INPUT MATERIAL:
- - - - -

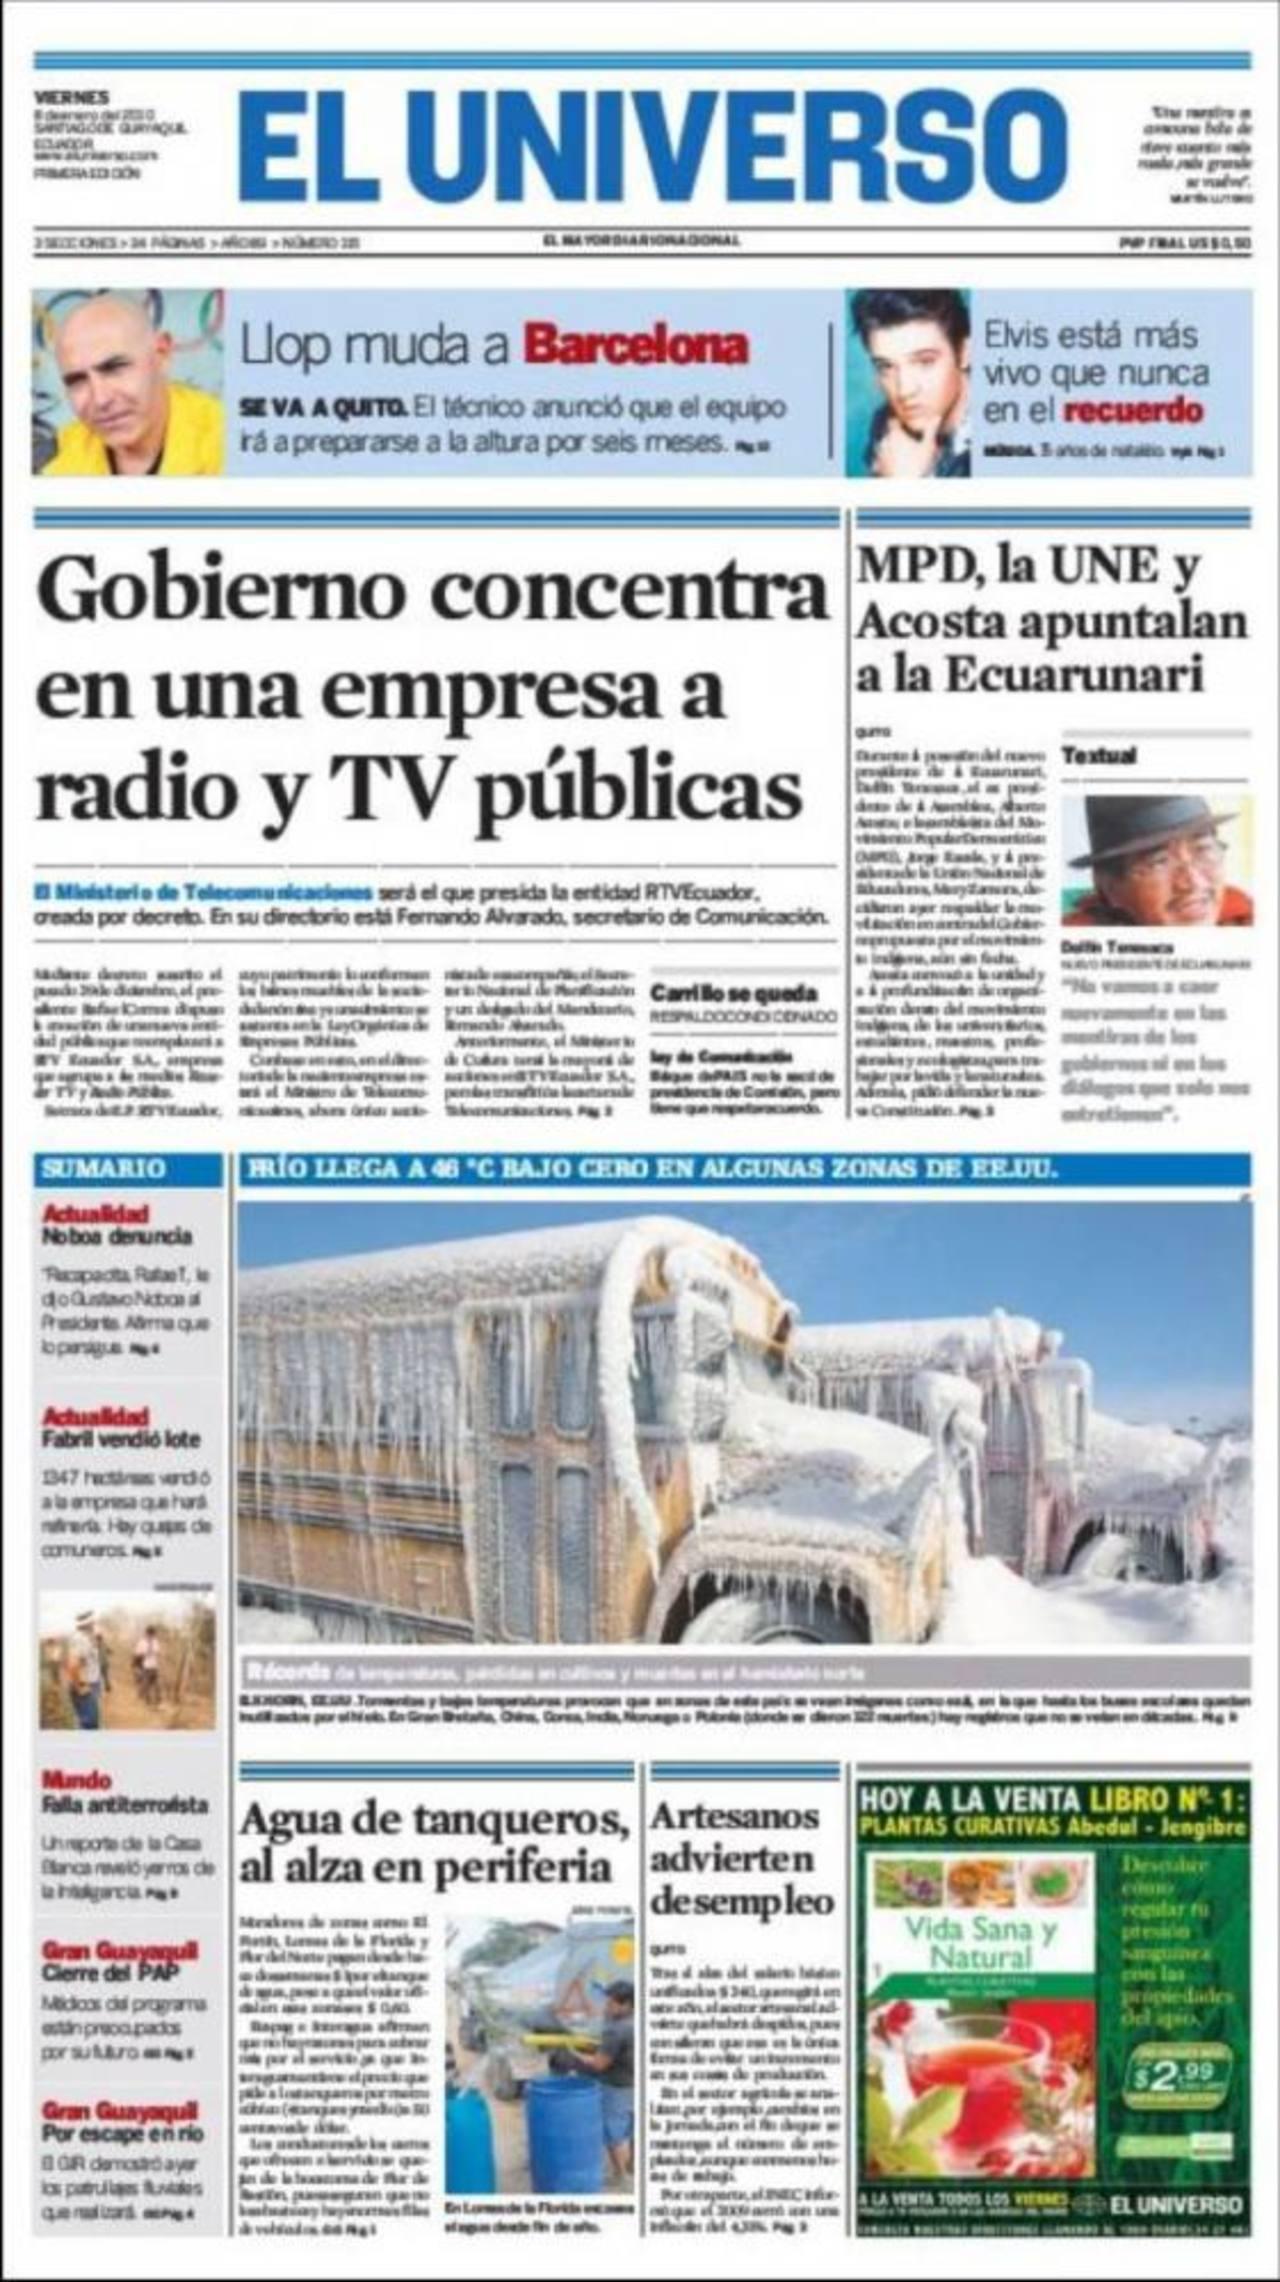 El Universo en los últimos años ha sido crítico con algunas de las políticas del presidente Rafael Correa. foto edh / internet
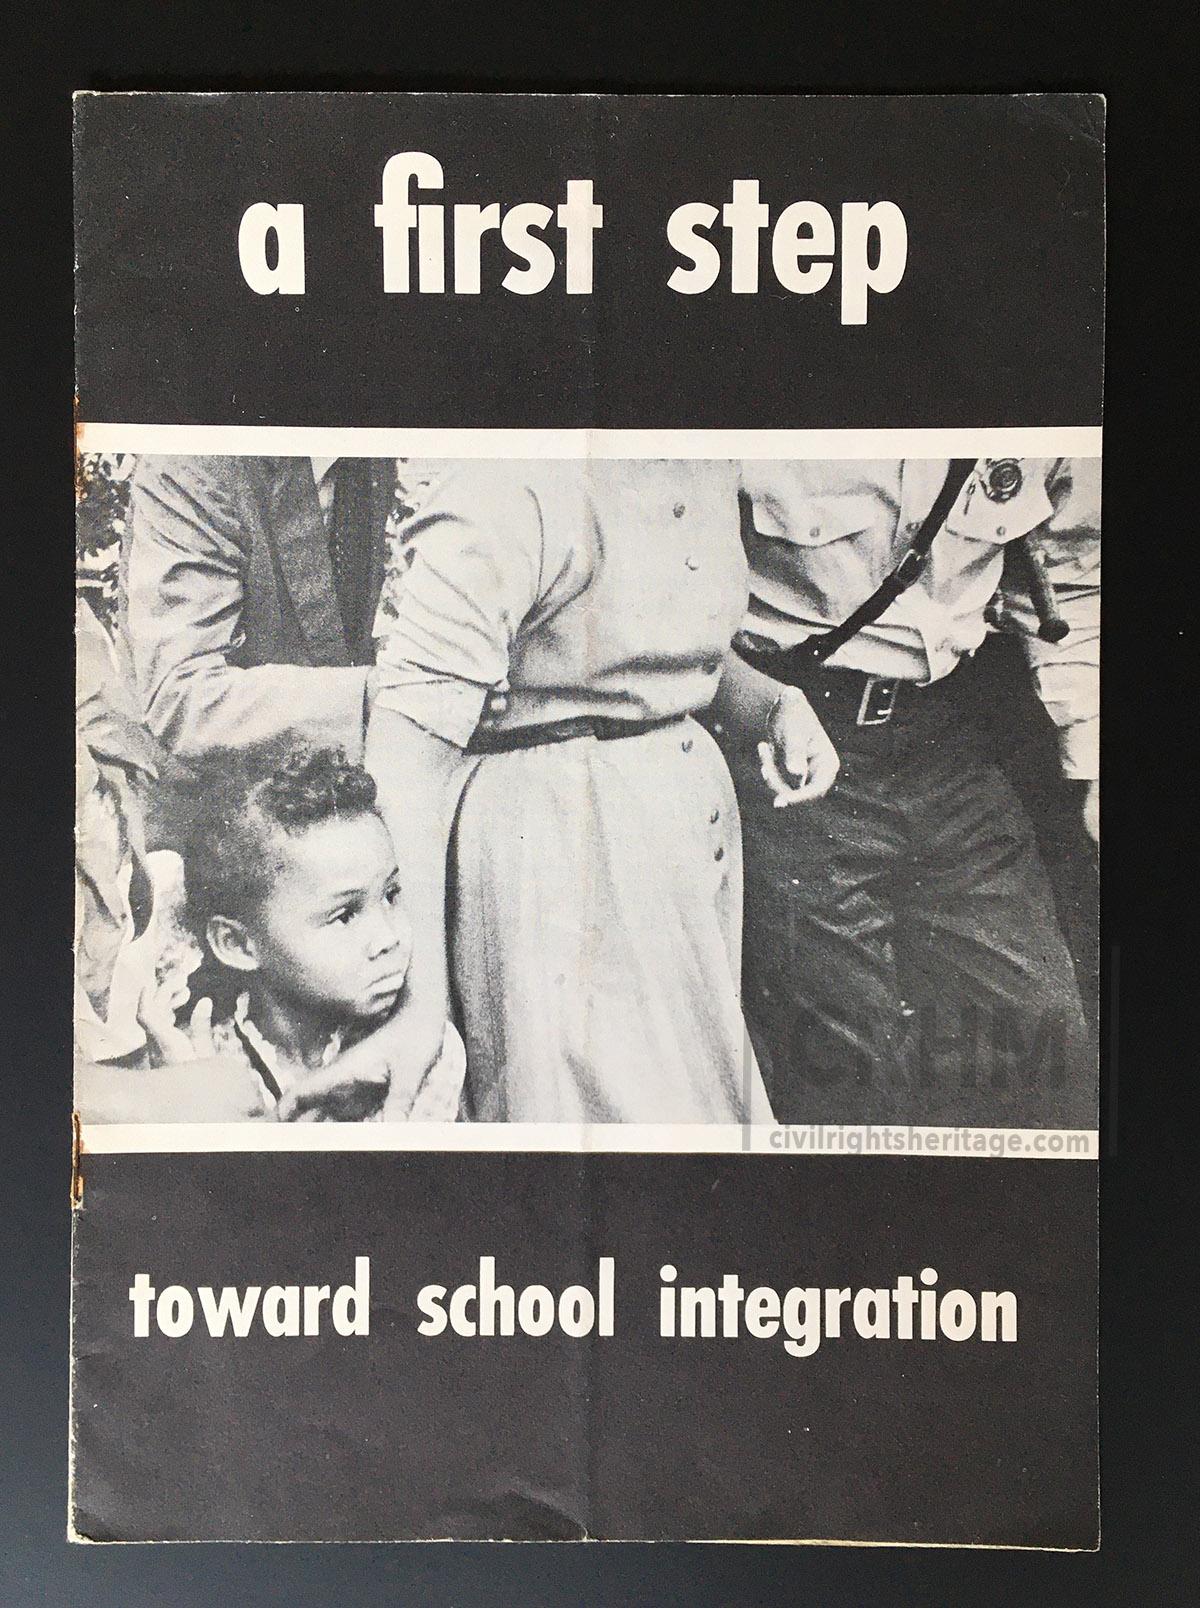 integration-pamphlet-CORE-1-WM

- - - - -

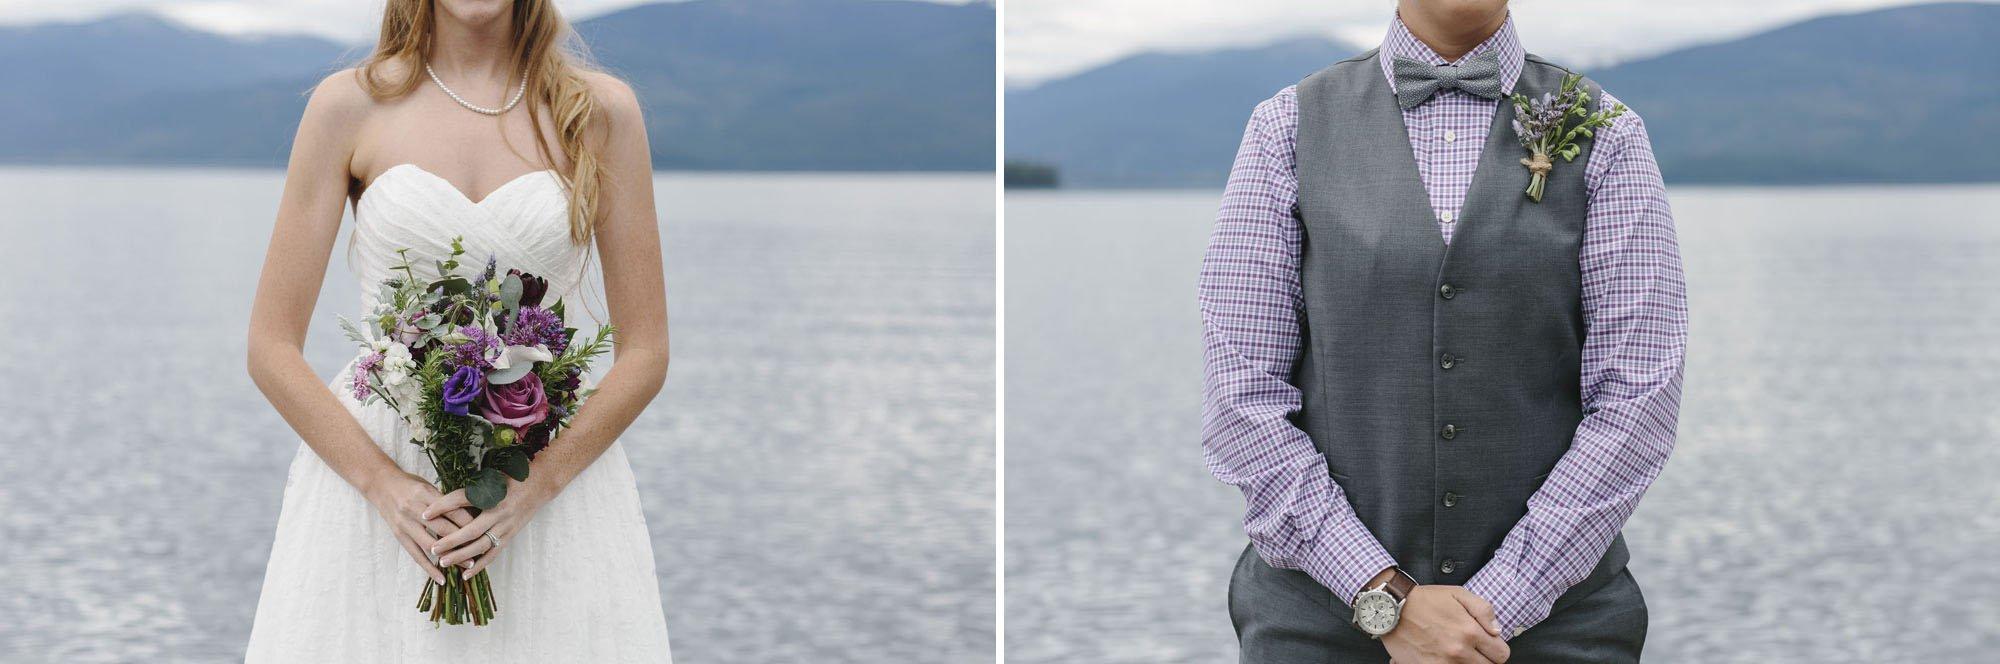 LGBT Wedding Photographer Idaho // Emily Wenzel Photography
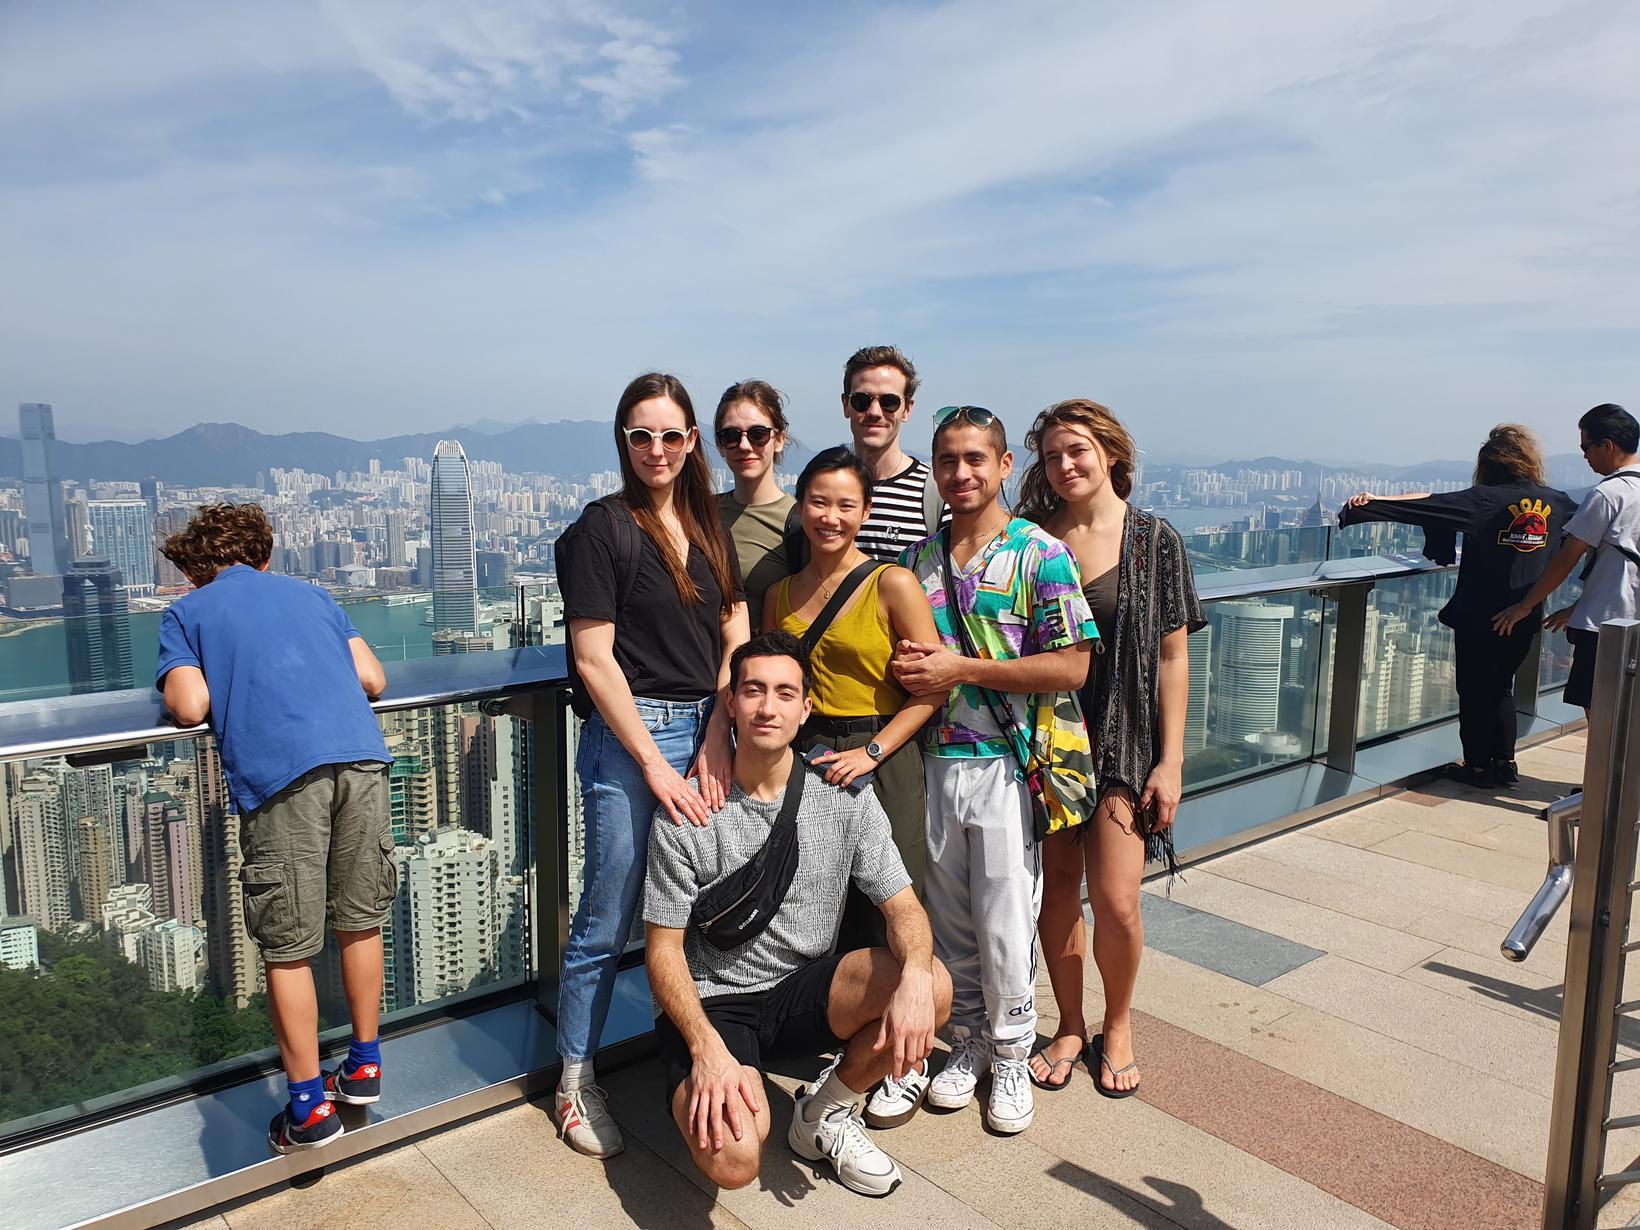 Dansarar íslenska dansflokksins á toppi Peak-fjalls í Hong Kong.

- - - - -

ACTIVITY: Copy the lines above exactly, starting at the one with "LGBT Wedding Photographer" and ending at the one with "Dansarar íslenska dansflokksins", both included. Leave out any pictures and add nothing else.

EXERCISE OUTPUT:
 LGBT Wedding Photographer Idaho // Emily Wenzel Photography
 Dansarar íslenska dansflokksins á toppi Peak-fjalls í Hong Kong.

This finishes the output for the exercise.